When a resolution is proposed by shareholders, the content of the resolution needs to always be considered. The board needs to determine whether a shareholder resolution proposed in terms of s65(3) of the Companies Act, as read with a company’s Memorandum of Incorporation, could be an attempt by the shareholders to usurp the powers of the board. Although s65(3) does not expressly permit the board to consider this and make this determination, it is submitted that the board not only has such a right to make this determination, but also has a fiduciary duty to make it. A good example of why this ought to be the case is because the board should not allow company funds to be wasted by putting futile resolutions to shareholders. Moreover, the board should not permit shareholders to operate under the misapprehension that passing these types of resolutions would be a valid action taken by them.


In light of the above, there is a strong argument for a board to put forward a statement that it is not obliged to table these types of resolutions in front of the general body of shareholders to vote upon. The reasoning for this is because the board will always be subject to their prevailing fiduciary duties.

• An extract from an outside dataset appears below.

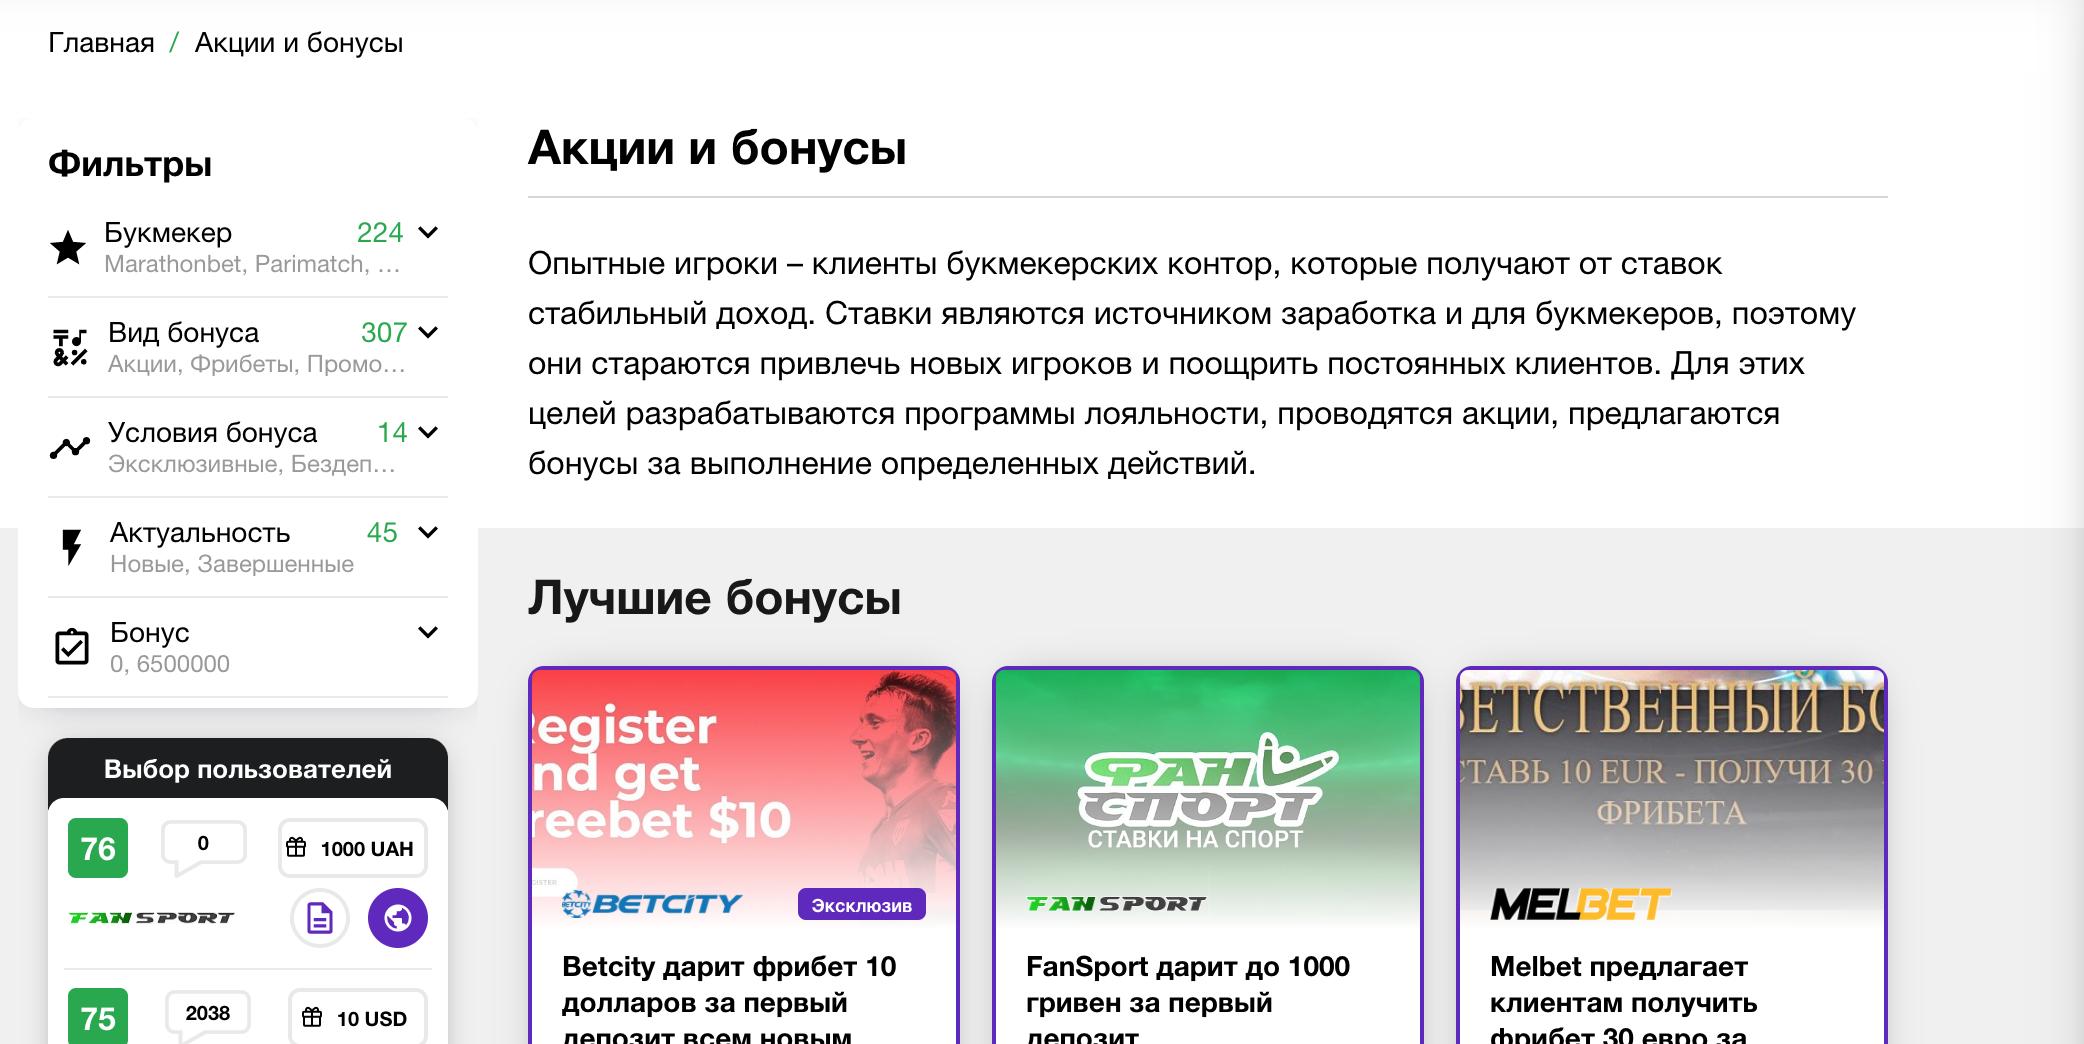 Акции и бонусы на meta-ratings.ru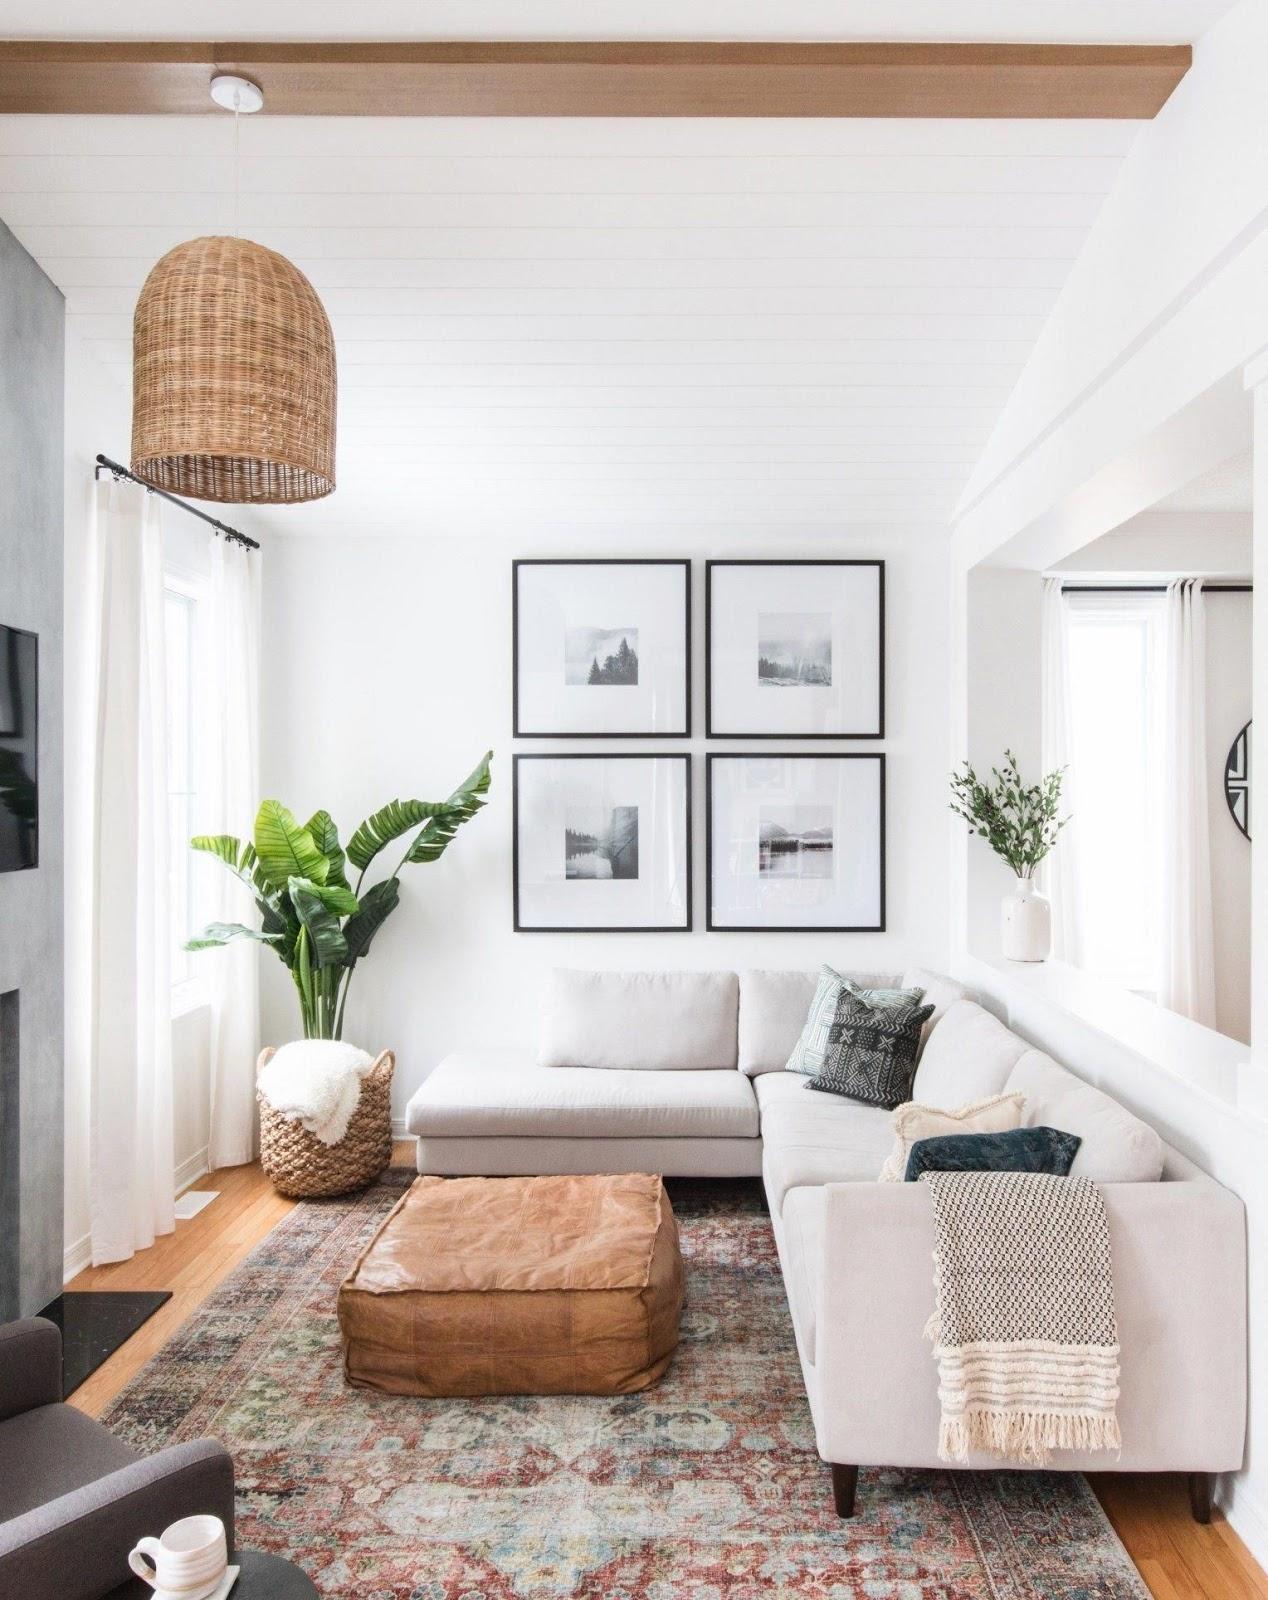 Trendy boho living room interior

This is regardless of the wishes of the general body of shareholders.


It is also important to be mindful of s61(2)(a) of the Companies Act which provides as follows:

“(2)     Subject to section 60, a company must hold a shareholders meeting –

(a)       at any time that the board is required by this Act or the Memorandum of Incorporation to refer a matter to shareholders for decision…”


Section 61(2)(a) of the Companies Act still has to be interpreted in light of the court decisions where it has been held that the board can legitimately refuse to call a shareholders’ meeting where it is clear that the shareholders are usurping the management functions of the board. It is submitted that, in such a case, the board is entitled to refuse to convene a requisitioned meeting, notwithstanding the peremptory wording of s61(2)(a) of the Companies Act. This is because these types of resolutions would be beyond the powers of the shareholders to pass.


Globally, shareholders are becoming actively concerned and interested in the environmentally-related issues of companies. There is an increasing general belief of shareholders that companies should not limit the shareholders’ ability to vote on shareholder proposals that advance certain rights or promote beneficial disclosure by the board.[6]  With the pressures of increasing global concern by shareholders over environmentally related issues, companies and their boards will undoubtedly need to remain alert to the possibility of increased shareholder activism and shareholder challenges on such issues. 


Gordon is an Associate in ENSafrica’s Corporate Commercial Department.

Reviewed by Doron Joffe, Director in the Corporate Commercial Department.


  1. See sections 68 and 71 of the Companies Act.

  2. See sections 112, 113, 114 and 115 of the Companies Act.

  3. See Van Tonder v Pienaar 1982 (2) SA 336 (SE) and Wessels & Smith v Vanugo Construction (Pty) Ltd 1964 (1) SA 635 (O).

  4. See section 249P of the Australian Corporations Act, 2001 which obliges a company to distribute a proposed shareholders’ resolution at a general meeting on request of a minimum number of shareholders. Also, see the case of Australasian Centre for Corporate Responsibility v Commonwealth Bank of Australia [2016] FCAFC 80 (2016) which confirmed a decision in which the court a quo held that the company was not obliged to table certain proposed shareholders’ resolutions at the general meeting even though the resolutions were merely advisory resolutions.

  5. These are examples of matters that would fall within the purview of shareholders to exercise their voting rights.

  6. Glass Lewis “An Overview of the Glass Lewis Approach to Proxy Advice: Shareholder Initiatives Guidelines 2019”.